An example of viewing the difference in PhpStorm:

PhpStorm Comparison Failure

Comments

2

I wrote some simple code to first get all the keys from a multi-dimensional array:

 /**
 * Returns all keys from arrays with any number of levels
 * @param  array
 * @return array
 */
protected function getAllArrayKeys($array)
{
    $keys = array();
    foreach ($array as $key => $element) {
        $keys[] = $key;
        if (is_array($array[$key])) {
            $keys = array_merge($keys, $this->getAllArrayKeys($array[$key]));
        }
    }
    return $keys;
}

Then to test that they were structured the same regardless of the order of keys:

    $expectedKeys = $this->getAllArrayKeys($expectedData);
    $actualKeys = $this->getAllArrayKeys($actualData);
    $this->assertEmpty(array_diff($expectedKeys, $actualKeys));

HTH

Comments

0

If you have arrays of objects (so cannot use sort and thus not assertEqualsCanonicalizing), and only require that the result contains exactly the expected values (which are the same objects), in any order, regardless of keys, this helper method may be useful:

private static function assertArrayHasSameValues(
    array $expected,
    array $actual,
    string $message = ''
): void {
    self::assertCount(\count($expected), $actual, $message);
    foreach ($expected as $expectedElement) {
        self::assertContains($expectedElement, $actual, $message);
    }
}

Comments

-1
$this->assertEquals(json_encode($expectedData), json_encode($data), 'data should match');

3 Comments

Please add some explanation to your answer such that others can learn from it - especially when you duplicate an answer that is ten years old
Sorry did not see i've duplicated. it's just part of code which works in my code.
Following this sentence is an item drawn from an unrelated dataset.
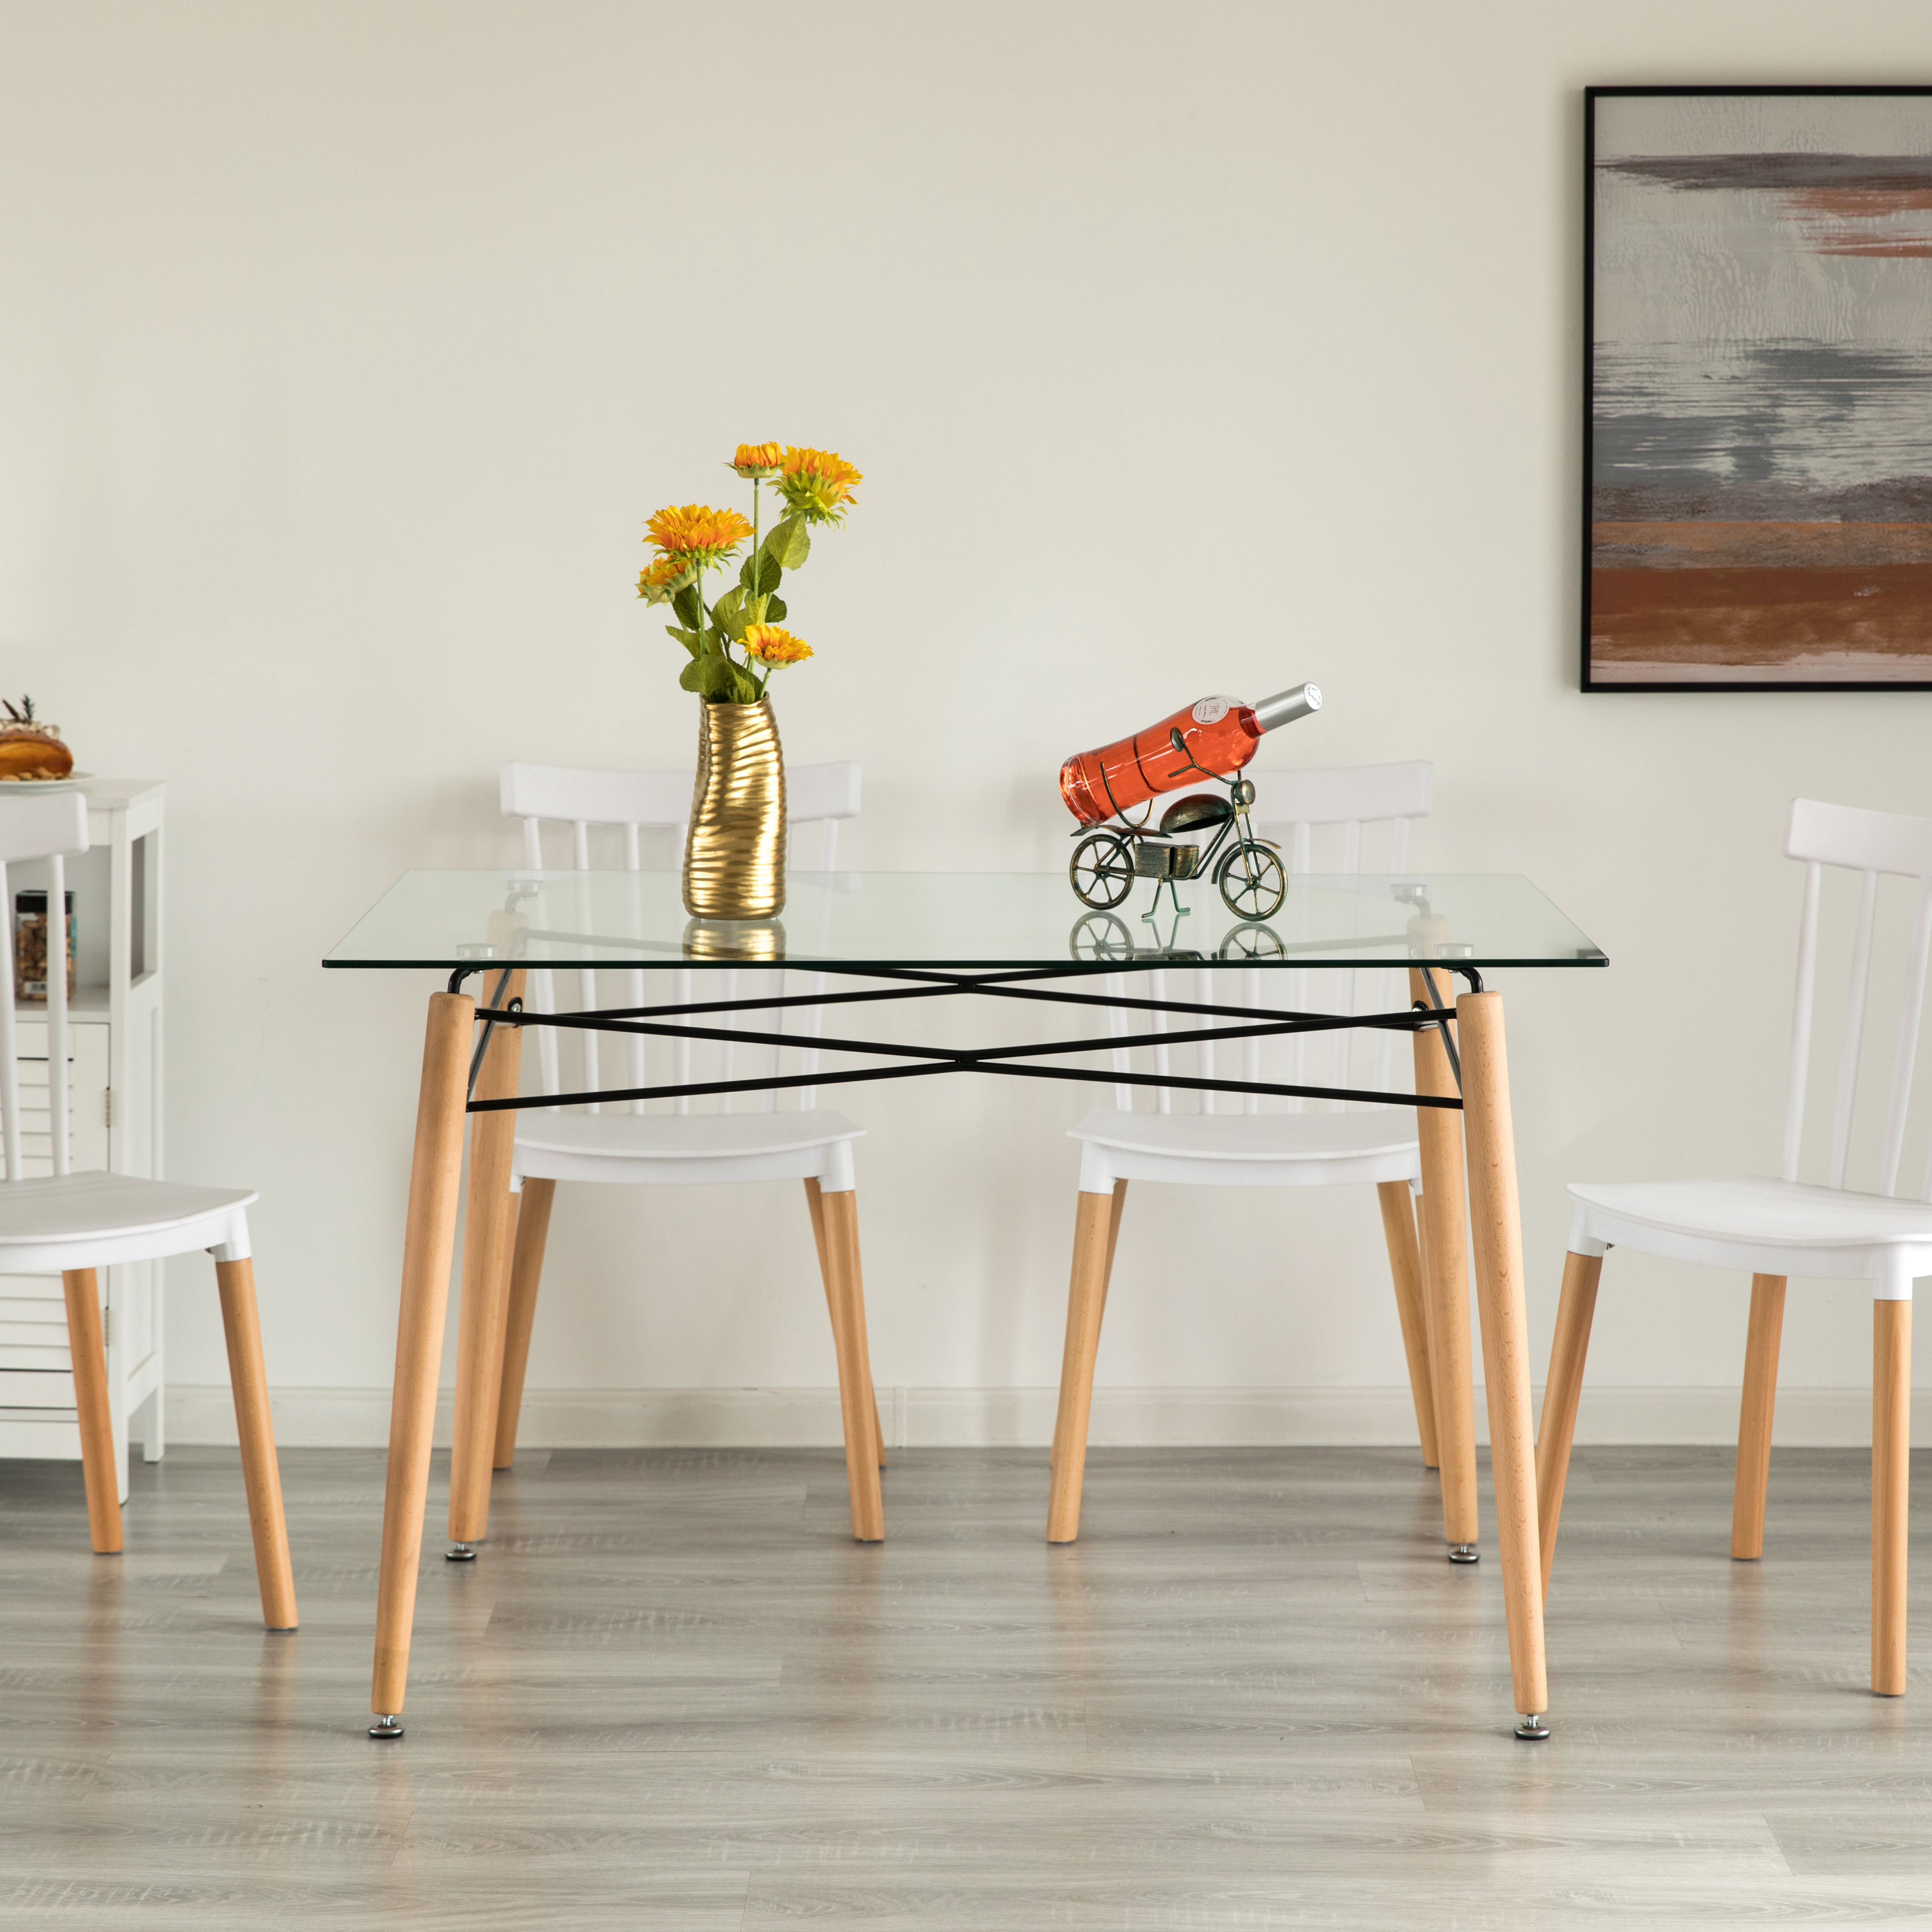 DANLONG 47'' Rectangular Folding Dining Table & Reviews - Wayfair

I do assertion for exact match this way.
Feel free to remove your answer, or update it to contain more information
-1

I am converting to json and using Laravel assertJson():

$this->assertJson(json_encode($arrayOne), json_encode($arrayTwo));

1 Comment

The assertJson only asserts that the string is a valid json
-2

If values are just int or strings, and no multiple level arrays....

Why not just sorting the arrays, convert them to string...
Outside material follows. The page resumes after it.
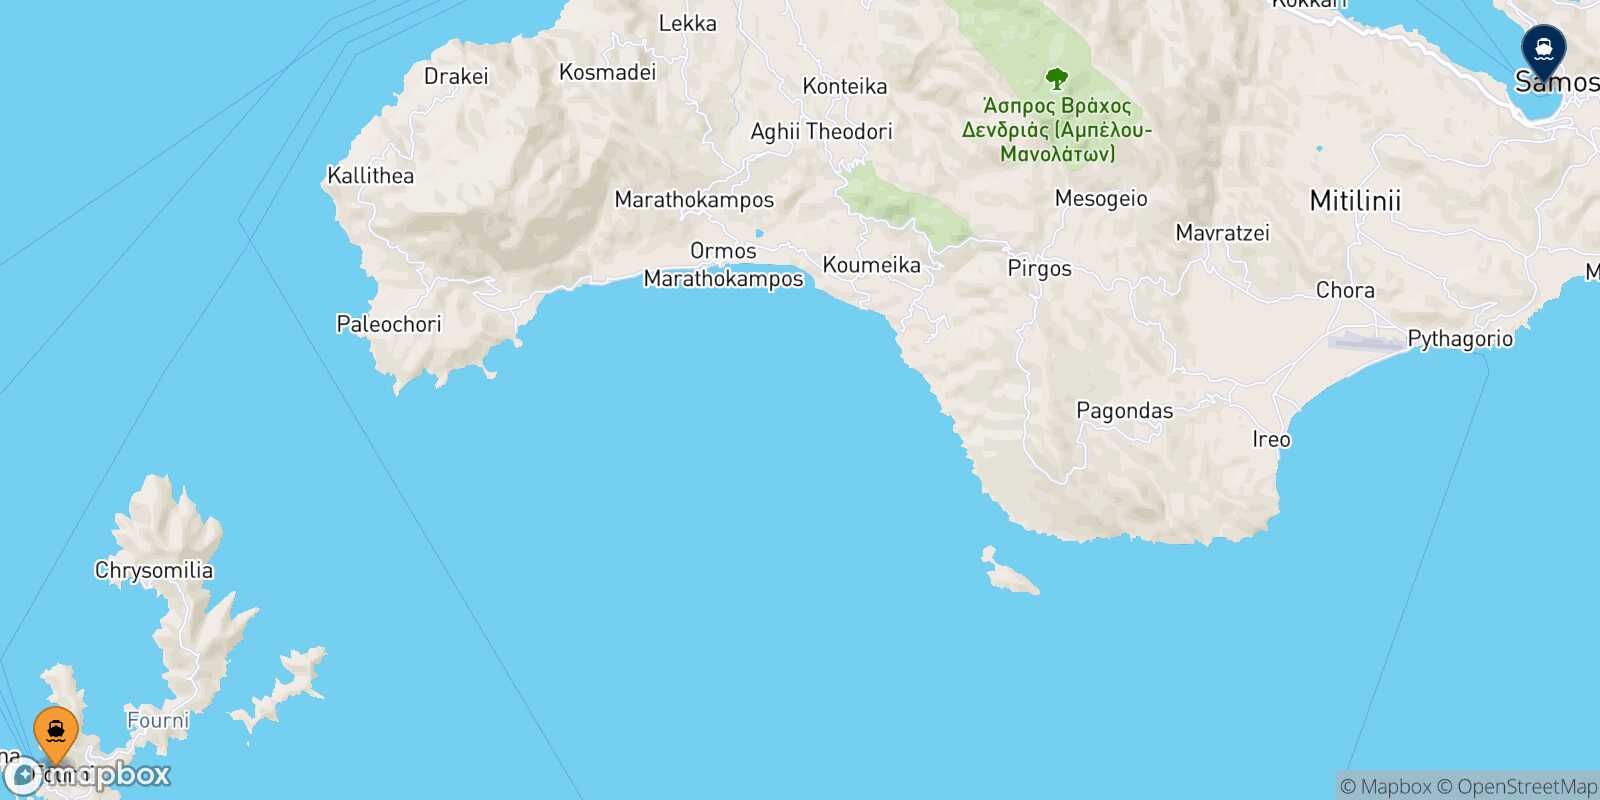 Fourni Vathi (Samos) route map

    $mapping = implode(',', array_sort($myArray));

    $list = implode(',', array_sort($myExpectedArray));

... and then compare string:

    $this->assertEquals($myExpectedArray, $myArray);

Comments

-3

If you want test only the values of the array you can do:

$this->assertEquals(array_values($arrayOne), array_values($arrayTwo));

1 Comment

Unfortunately that is not testing "only the values" but both the values and the order of the values. E.g. echo("<pre>"); print_r(array_values(array("size" => "XL", "color" => "gold"))); print_r(array_values(array("color" => "gold", "size" => "XL")));
-4

Another option, as if you didn't already have enough, is to combine assertArraySubset combined with assertCount to make your assertion. So, your code would look something like.
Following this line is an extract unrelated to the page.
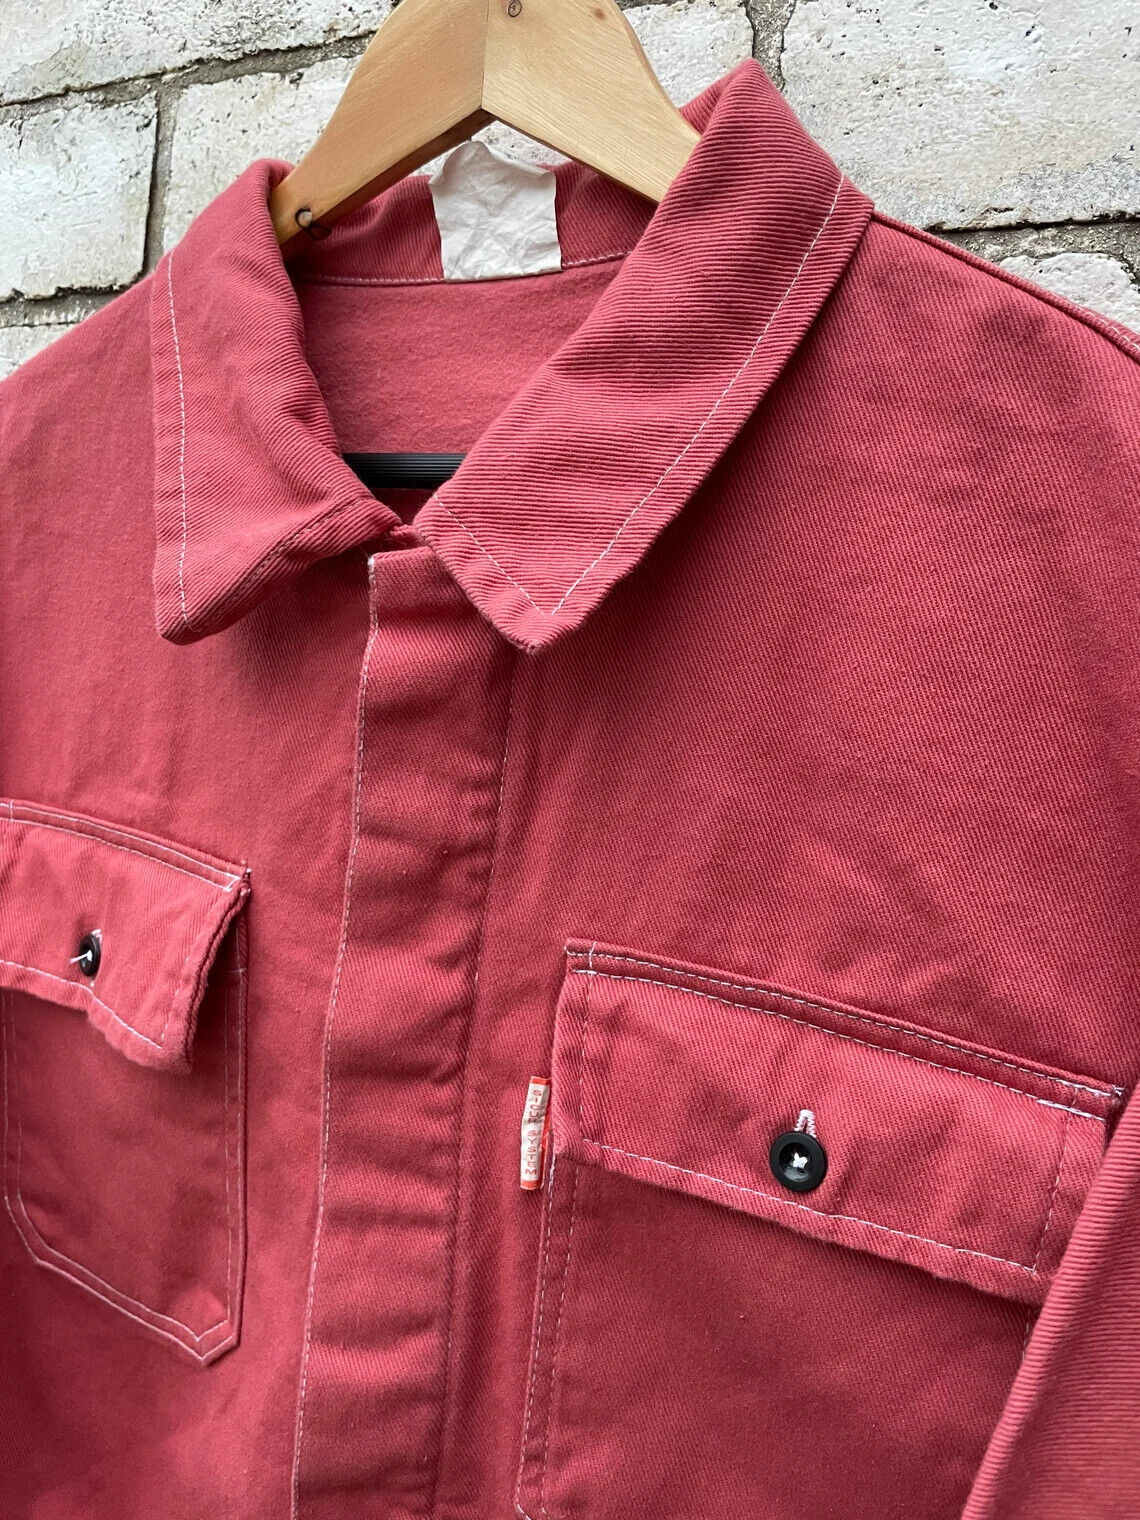 Vintage Chore Jacket Coral Pink

self::assertCount(EXPECTED_NUM_ELEMENT, $array); self::assertArraySubset(SUBSET, $array);

This way you are order independent but still assert that all your elements are present.

2 Comments

In assertArraySubset the order of the indexes matter so it will not work. i.e. self::assertArraySubset(['a'], ['b','a']) will be false, because [0 => 'a'] is not inside [0 => 'b', 1 => 'a']
Sorry but I have to concur with Robert. At first I thought that this would be a good solution to compare arrays with string keys, but assertEquals already handles that if the keys are not in the same order. I just tested it.